Here you can find the links to the GitHub pages for ALOJA and ALOJA-ML, and the Barcelona Supercomputing Center. Further, you can find the project publications, also the structured datasets for those publications.

  • ALOJA Website
  • ALOJA-ML GitHub Page
  • Barcelona Supercomputing Center

ALOJA & ALOJA-ML Publications

David Buchaca, Josep Ll. Berral, David Carrera. Automatic Generation of Workload Profiles using Unsupervised Learning Pipelines. IEEE Transactions on Networks and Systems Management (TNSM), vol.15 issue.1 pp.142-155 (2017). ISSN 1932-4537. Open Access.

Josep Ll. Berral, Nicolas Poggi, David Carrera, Aaron Call, Rob Reinauer, Daron Green. ALOJA: A Framework for Benchmarking and Predictive Analytics in Big Data Deployments. IEEE Transactions on Emerging Topics in Computing (TETC), vol.5 issue.4 pp.480-493 (2017). ISSN 2168-6750. arXiv:1511.02037.

Nicolas Poggi, Josep Ll. Berral, David Carrera. ALOJA: a Benchmarking and Predictive Platform for Big Data Performance Analysis. The Sixth Workshop on Big Data Benchmarking (6th WBDB). June 16-17, 2015 in Toronto, Canada.

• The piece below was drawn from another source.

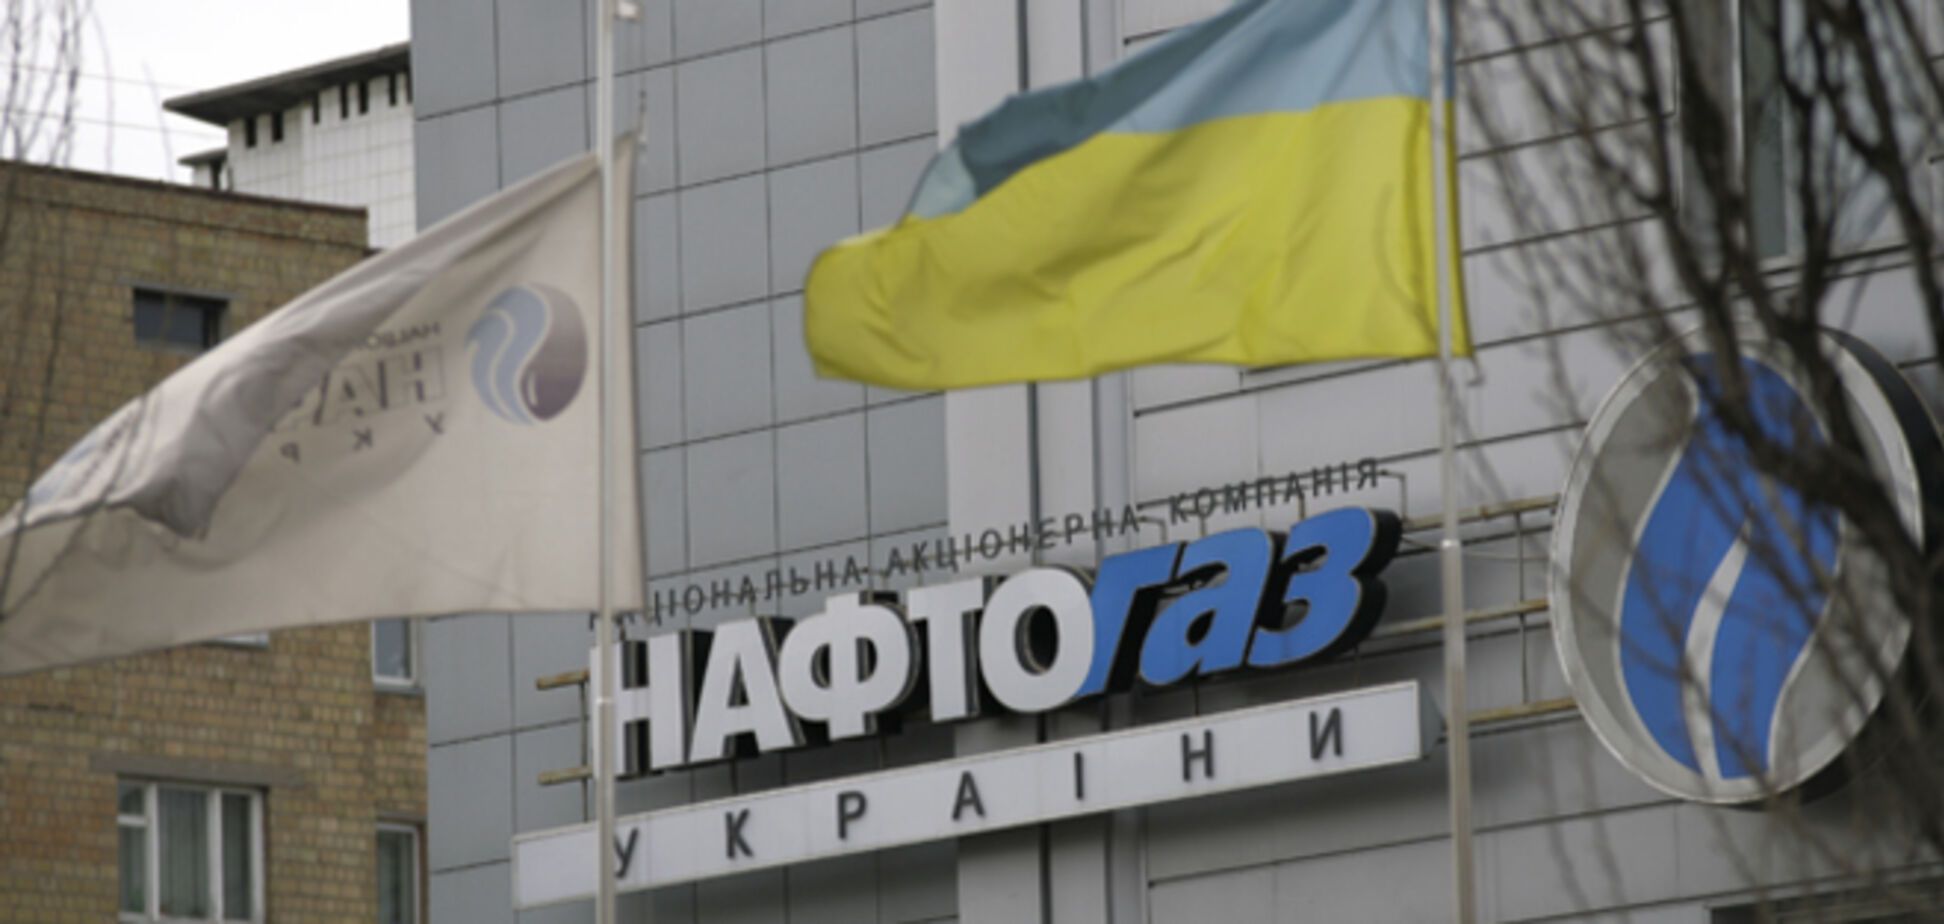 'Нафтогаз Украины' собрался судиться за крымские активы

Nicolas Poggi, Josep Ll. Berral, David Carrera, Aaron Call, Rob Reinauer, Nikola Vujic, Daron Green, José Blakeley, Fabrizio Gagliardi. From Performance Profiling to Predictive Analytics while Evaluating Hadoop Cost-Efficiency in ALOJA. The IEEE International Conference on Big Data (IEEE BigData 2015), Santa Clara (CA), USA, Oct. 29-Nov. 1 2015.

Josep Ll. Berral, Nicolas Poggi, David Carrera, Aaron Call, Rob Reinauer, Daron Green. ALOJA-ML: A Framework for Automating Characterization and Knowledge Discovery in Hadoop Deployments. The 21st ACM SIGKDD Conference on Knowledge Discovery and Data Mining (KDD 2015), Sydney, Australia, August 10-13 2015. arXiv:1511.02030.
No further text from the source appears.